Il y a plusieurs façons de tourner une page. Mais pourquoi vouloir clore un chapitre, une saison? Pourquoi ne pas ouvrir sur ce qui vient? Glisser d’une saison dans une autre avec la grâce d’un amant furtif qui s’en va voir ailleurs. « Quand on aime, il faut partir » (Blaise Cendrars, Au coeur du monde).
Étrange été. Plus légers, plus enclins à bouger, nous redevenons nomades. « Nous avançons dorénavant vers l’avenir comme le feraient des immigrants qui ne connaissent ni la langue ni la grammaire du monde vers lequel ils cheminent. » Jean-Claude Guillebaud, la vie vivante. Banalité? Pour le savoir, le mieux, c’est encore de passer de l’autre côté du miroir, dans le regard de l’autre. Voir ce qui tient, ce que l’on refuse, et ce qui n’en vaut pas la peine. Tout un été pour faire le tri. On peut même rire. Sauf de la Syrie. Comment dessiner le corps, ce corps humain que l’on torture? Qu’en disent les grands artistes cotés, les Damian Hirst, Jeff Koons, Murakami? Rien. Circulez, petits billets, jolis billets verts, la torture n’est pas un sujet.
Salauds.
Mais pardon, c’est l’été. Tout le monde ne peut pas mourir devant les remparts de Missolonghi comme Lord Byron. Tout le monde ne peut pas donner sa main aux étoiles, comme Cendrars. Et puis, signer pour la libération d’Ai Wei Wei, c’est tellement plus tendance. Libérez les celebrities!

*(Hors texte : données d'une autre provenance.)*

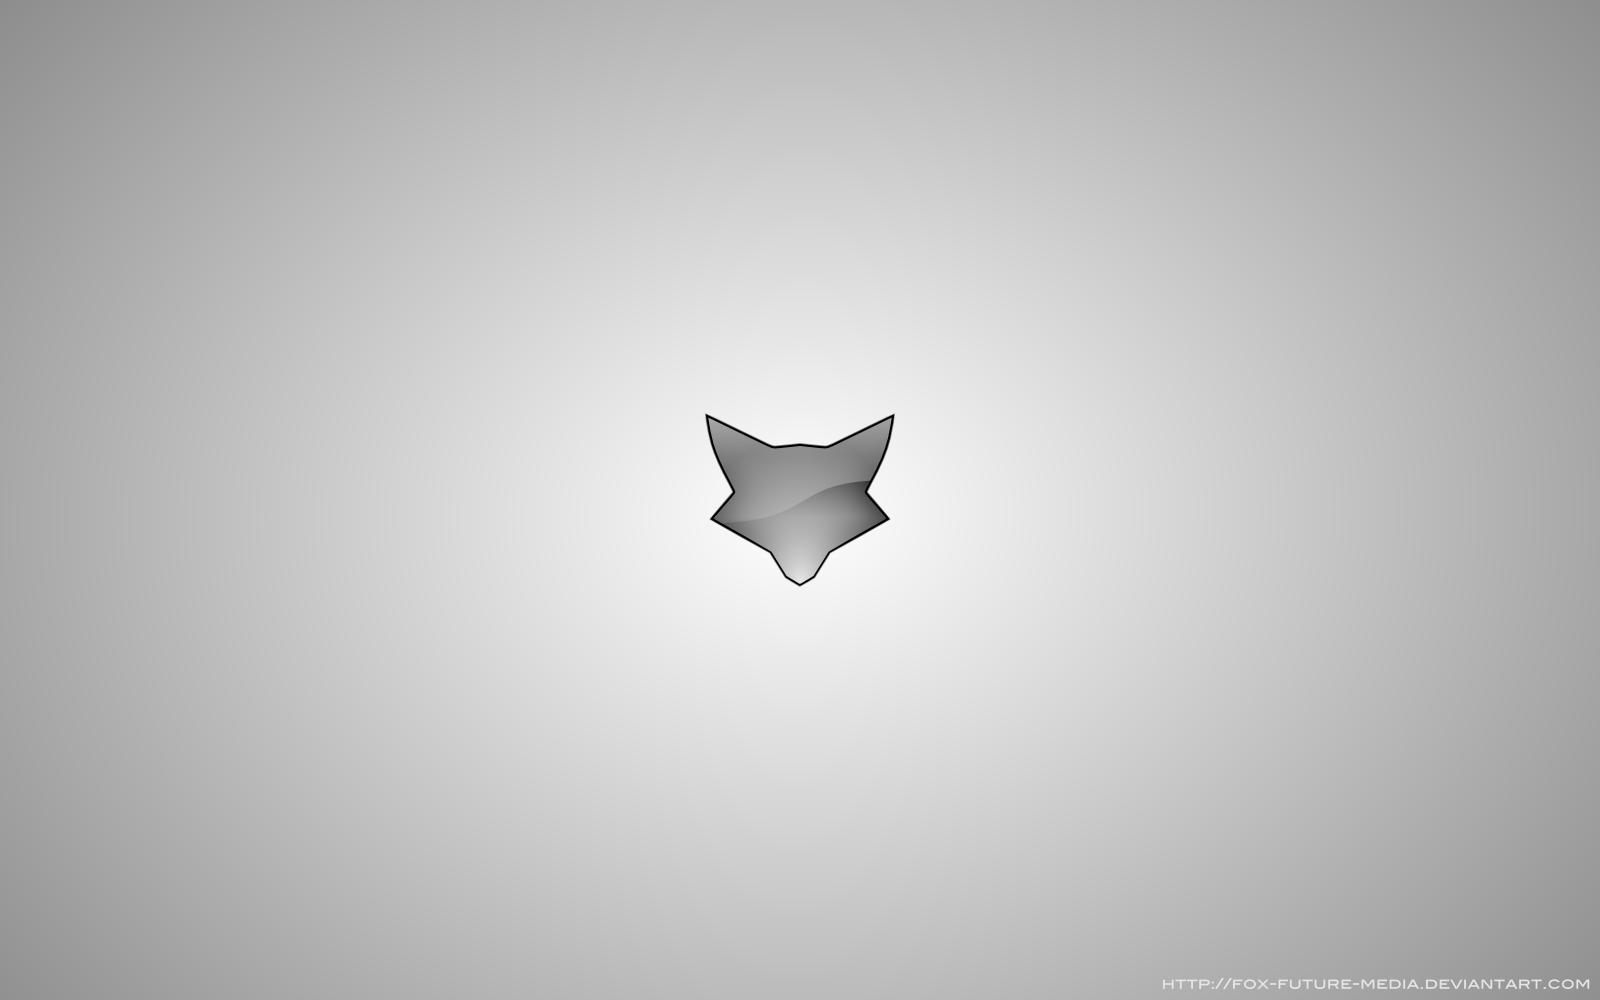 The Silver Fox Wallpaper By Fox Future Media On Deviantart

Ainsi, « j’arrive où je suis étranger » (Aragon). L’odeur de la forêt juste après la pluie, sur le mont Banahaw . Il y a, dans certains coins des Philippines, des pierres volcaniques rouges couvertes de mousse, étranges comme les dessins de Vol 747 pour Sydney. Ambiance « piste d’atterrissage pour extra-terrestres ». (Pour les martiens, les extra-terrestres, c’est ce qui reste quand on a tout oublié). La pierre de l’entrée, peut-être? ici, la nature et le surnaturel se mêlent, pistes tressées. Dans la lumière filtrée d’une forêt primaire, recevoir la leçon d’étrangeté de Murakami, le vrai, celui de Kafka sur le rivage. Lisez-le vite, avant le prix Nobel. Après, ça fait rattrapage.
Marcher en forêt, percevoir ce qui vient, ce qui est là, distinguer les sons, les odeurs. Cela passe par le corps, toujours, et le rythme des pas. On ralentit d’abord, pour entrer en connivence. Attendre. Encore un peu plus de lenteur. Enfin, le rythme de nos respirations s’accorde. Ici, c’est maintenant.
Ou bien, comme le Lorrain, passer des heures à observer la lumière qui vire d’heure en heure, sur les feuillages, dans la campagne romaine (Nature et idéal, Rome, 1600-1650). Loin de Versailles et de sa cour frelatée, le nez dans l’herbe : au coeur du monde.
Bien sûr, le paysage est chose mentale, et le regard crée ce qu’il voit, mais ce sont les sens qui nous donnent la clé. Avant le Lorrain et compères, on n’y voyait qu’un fond de décor pour une « fuite en Egypte » avec la Sainte Famille au premier plan. Puis ce fut « la pause pendant la fuite en Egypte », avec les personnages de plus en plus petits. Et, à la fin, plus de fuite du tout, ni d’Egypte. c’est alors qu’on a commencé à voir l’Italie.
Ce qu’ils fuyaient, pourtant, c’était vraiment l’horreur. Comme aujourd’hui. Comme dans Rembrandt, scènes de lynchage et de haine autour des visages du Christ. Dans les villes en guerre du Sud, bruissant de folles rumeurs, on l’aurait traité de jeteur de sort avant de lui passer un pneu enflammé autour du cou. Les visages de la foule, pure expression de haine archi-contemporaine. Cet art-là se coltine au monde, à ce qu’il peut avoir de répugnant, pour mieux accentuer le contraste et la figure du Ressuscité.
Tous ces Christs, avec leurs grands yeux. Profils perdus, faces retrouvées. Le Christ de la collection Hyde et celui de Detroit aux larges pommettes de trois quarts; le Christ de Berlin et celui d’Amsterdam, et puis celui du Louvre, dispersés aux quatre coins de la planète eux aussi nomades et c’est encore Cendrars les Pâques à New York, à Shanghai, à Belleville, quoi de neuf aujourd’hui Seigneur peut-être Vous? Cendrars le grand bourlingueur de la modernité voyageur pré-nomade ne croyait à rien, mais savait la douleur.
Il n’y a pas de repos pendant la fuite en Egypte.